Marcus is a third-year internal medicine resident on the last shift of his emergency medicine
rotation at a small hospital in the northeastern United States. The shift is unusually busy. A few
hours into his shift, a critically ill woman is brought in to the emergency department with fever,
cough, and hemoptysis. Her family reports that she was previously healthy but became sick
rapidly about 2 days after she attended a large conference at a local hotel. One hour later,
another ER patient describes similar symptoms. His wife reports that he became ill after
attending the same business conference 4 days ago.

Marcus has not seen the patients but attends a staff meeting in which the attending physician
discusses the possibility that the patients have pneumonic plague. The attending physician, Dr.
Gattler, is suspicious of the possibility that Yersinia pestis may have been released at the hotel
in which the conference took place.

"It's unlikely," he says, "but we can't rule it out. Until we can, we need to take the appropriate
precautions. The terrorism response plan will be put into place, and I will notify the public health
authorities immediately after we finish here."

Dr. Gattler asks Marcus, who has been trained in the terrorism response plan, to help with triage
and identifying other potential patients.

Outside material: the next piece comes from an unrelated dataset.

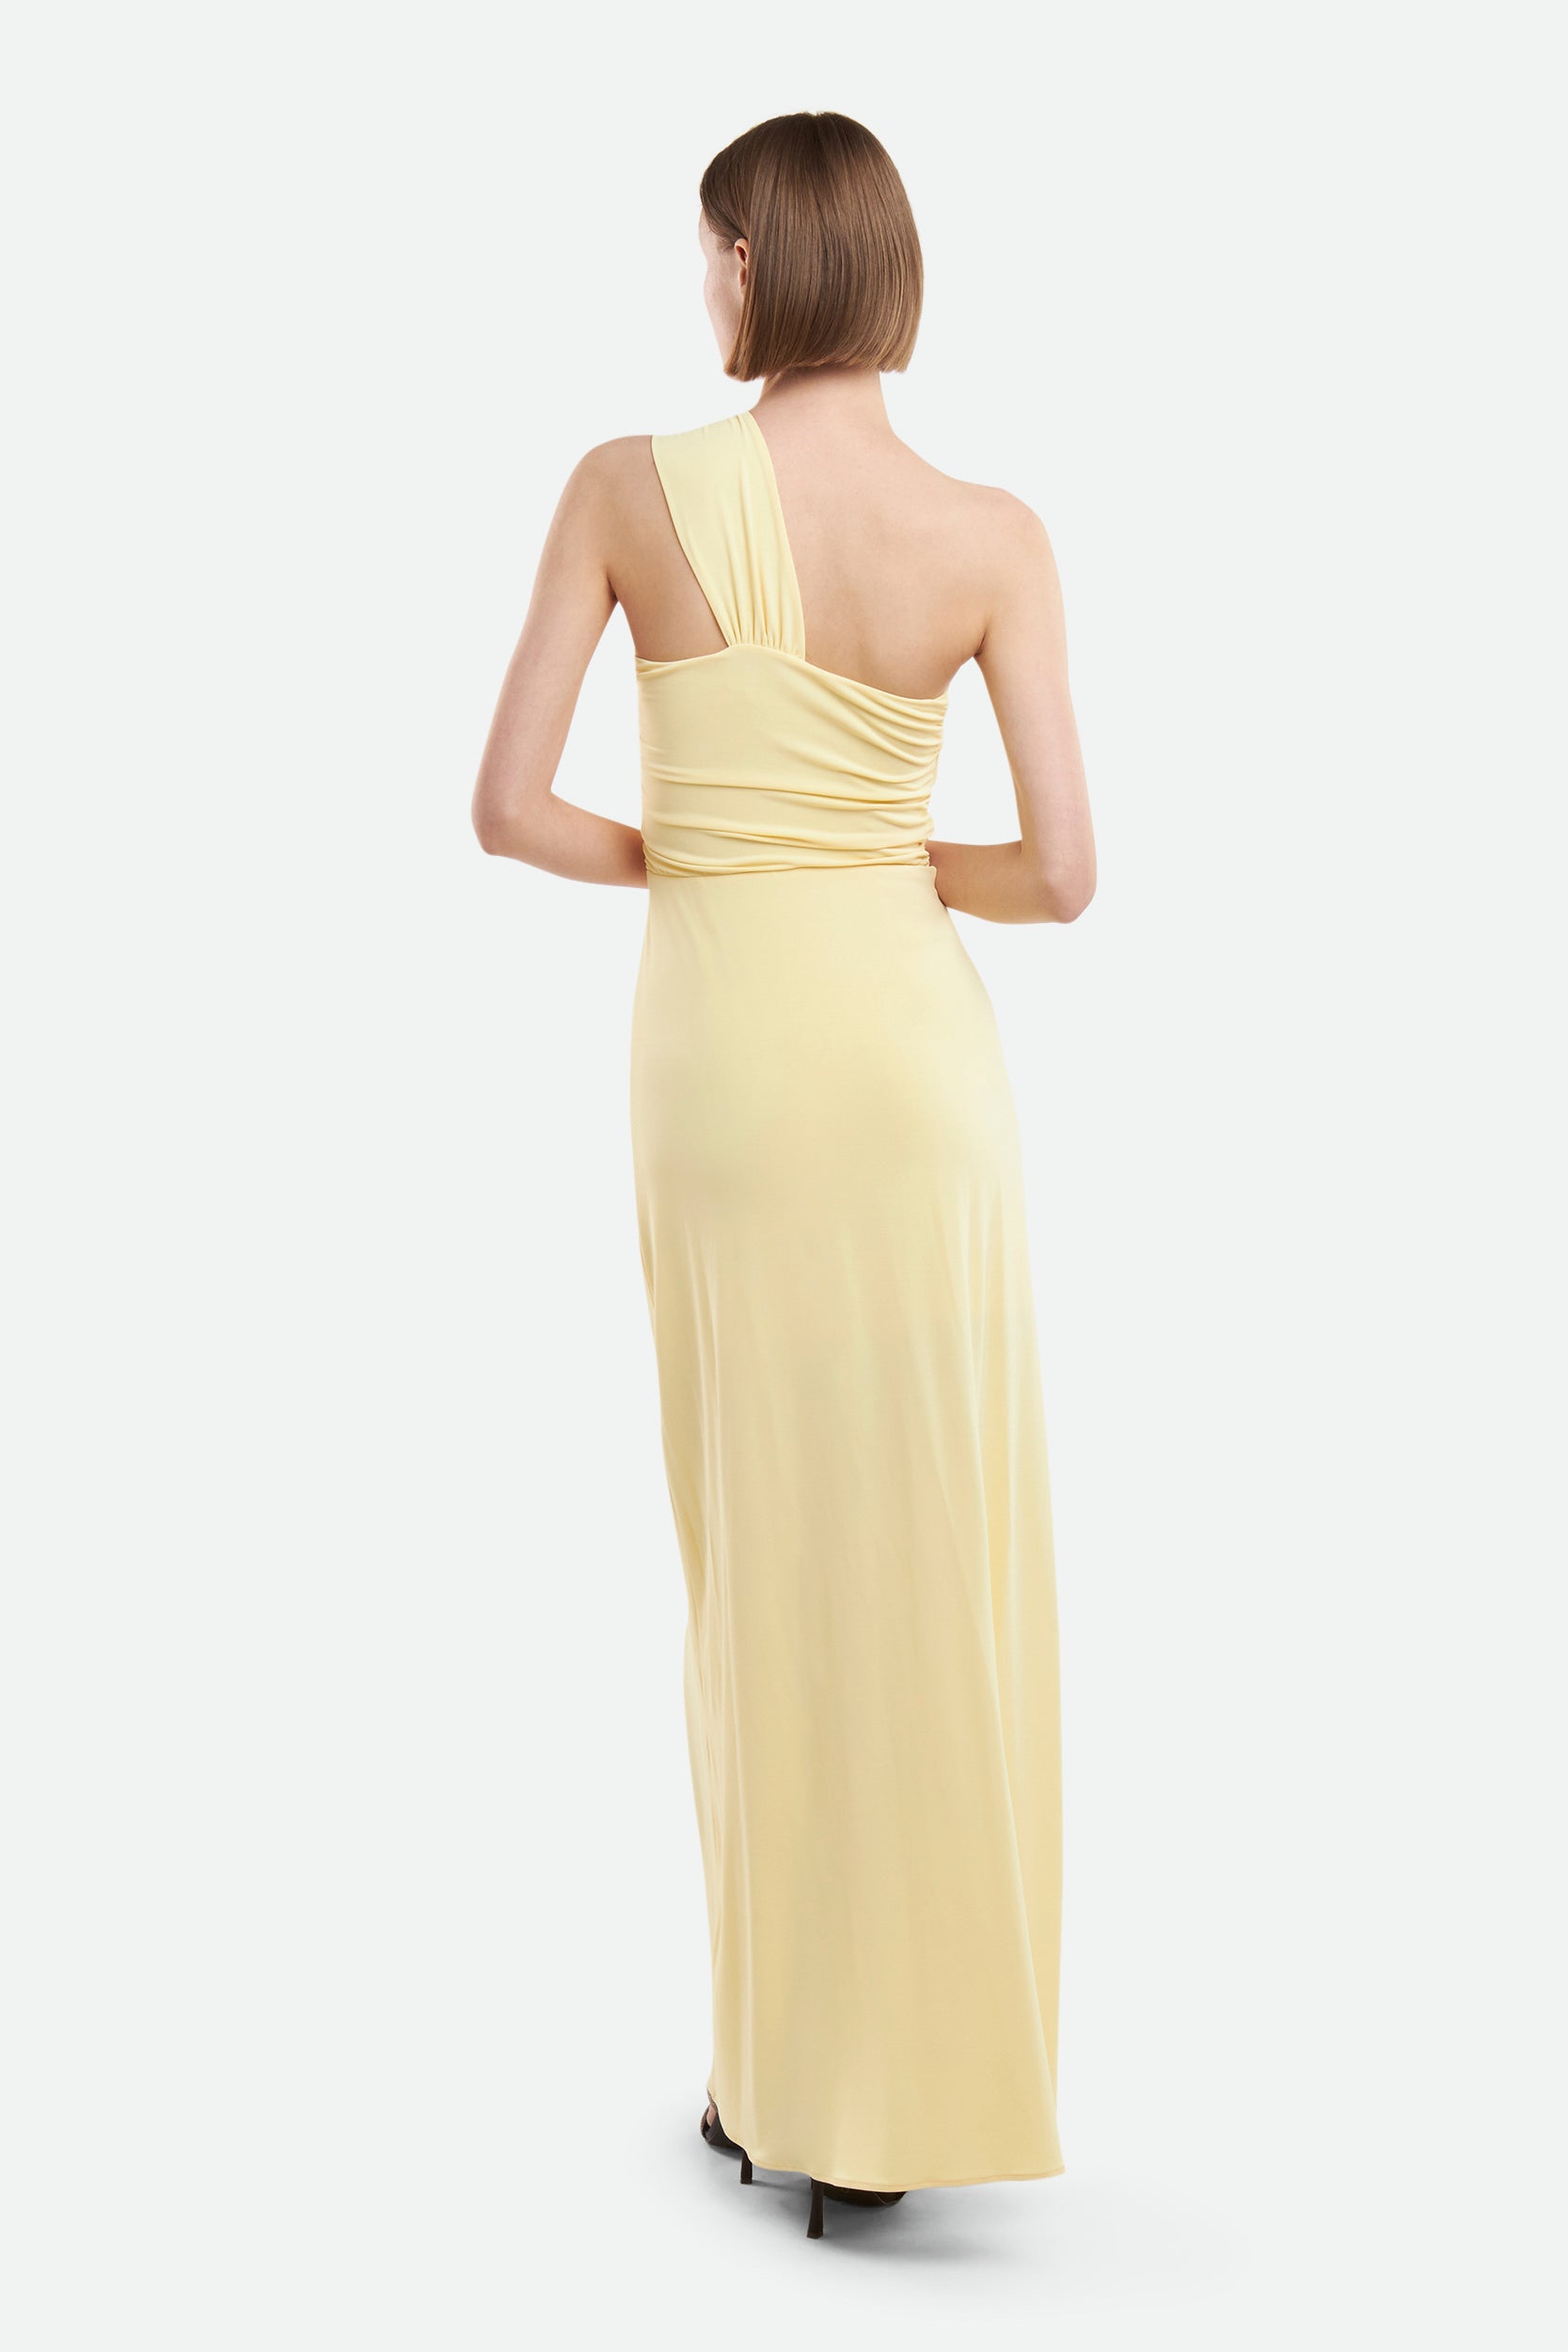 Patrizia Pepe Long Yellow Dress

"The patient in room 3 has fever and a cough," a nurse says, "no hemoptysis, but he's a young
guy, and he looks really sick."

"Marcus," Dr. Gattler says, "go see that patient. I'll be there once I get a few more calls made.
You know what you're doing, right?"

Marcus nods. He remembers everything from disaster preparedness training. It was only 2
months ago. At that time, though, he didn't imagine then he would actually be faced with a
situation like this. Marcus knows this patient is ill, but he also knows that if this is pneumonic
plague, he is putting himself at risk, and he may be quarantined after seeing the patient. It
seems like a sufficient number of doctors and nurses are around to help anyway, and many
more will be there in a few minutes. The patient in room 3 needs a doctor, but Marcus's wife and
daughter also need him at home. "It seems like I shouldn't really have to do this as a resident
anyway," Marcus thinks. "How can I be expected to put myself and my family at risk?"
Key Points:

1. Dr. Marcus is a third-year internal medicine resident on the last shift of his emergency
medicine rotation
2. Patients with fever, cough, and hemoptysis who attended a conference. Possibility of
pneumonic plague (Yersinia pestis) unlikely but cannot be ruled out.
3. Terrorism Response Plan was initiated
4. Dr. Marcus has been trained for disaster preparedness

Ethical Dilemma: Patient Care Versus Personal Safety

Questions:

1. Does Dr. Marcus have a legal obligation to treat patients with the infectious disease?
2. Does Dr. Marcus have a legal right to refuse her obligation?
3. Does Dr. Marcus have an ethical obligation to treat patients with the infectious disease?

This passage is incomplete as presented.